Aristotle’s explanation of motion lasted for nearly 2000 years. The whole picture changed when Galileo
came on the scene. Galileo (1564 - 1642) reopened the question of the “natural state” of objects. But he asked a
different set of questions (an approach which often leads to breakthroughs in science). Here’s an example of the
way Galileo reasoned:
Consider a boy who sleds down a hill, out onto a horizontal patch of snow. Even if the snow is
quite smooth, we observe that the sled will eventually come to rest.
What if the boy slides down the hill onto some very slick ice? Now the sled could slide for quite a
distance before coming to a stop.
Galileo’s genius was in this next step. He imagined the case where all sources of resistance to the motion
were removed—perfectly smooth ice and no air resistance. This of course is an imaginary scenario, but
it does help us to see the essence of what’s happening. When the sled reaches this perfectly smooth
ice, it will continue in its motion forever, moving in a straight line with no loss of speed!
Moreover, it will continue to move without anything pushing it along!
The natural state of an object—its behavior if free from external influences—
is straight line motion with constant speed. We call this uniform motion.
In other words, when left alone, a moving object will continue to move in the
same direction with the same speed forever!

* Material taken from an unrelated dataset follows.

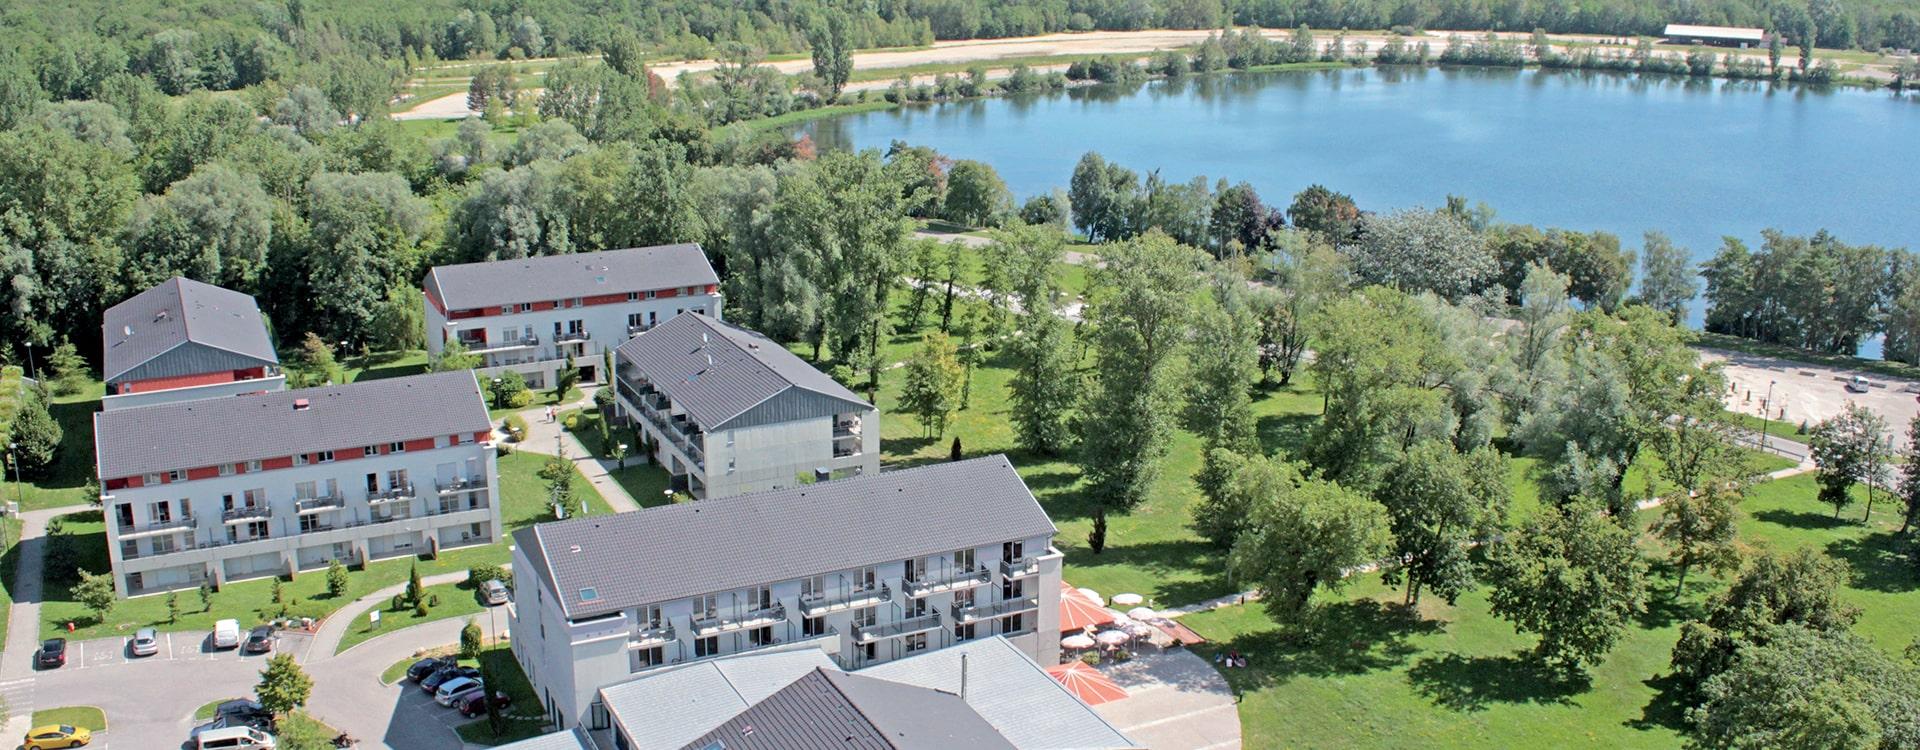 Villa du Lac exterieur

It’s not constant motion that needs to be explained. Rather, why objects
don’t continue in constant motion is what needs to be explained. Why does
the sled, in reality, come to rest?
Galileo’s new viewpoint was that since the sled does, in reality, eventually come to a stop, it must not be free of
external influences. Today we call such influences that lead to deviations from uniform motion forces.
Notice that “at rest” has no special significance in Galileo’s view of motion—it is simply uniform motion
that happens to have a velocity of zero. This means that an object at rest, in the absence of external
influences, will remain at rest forever!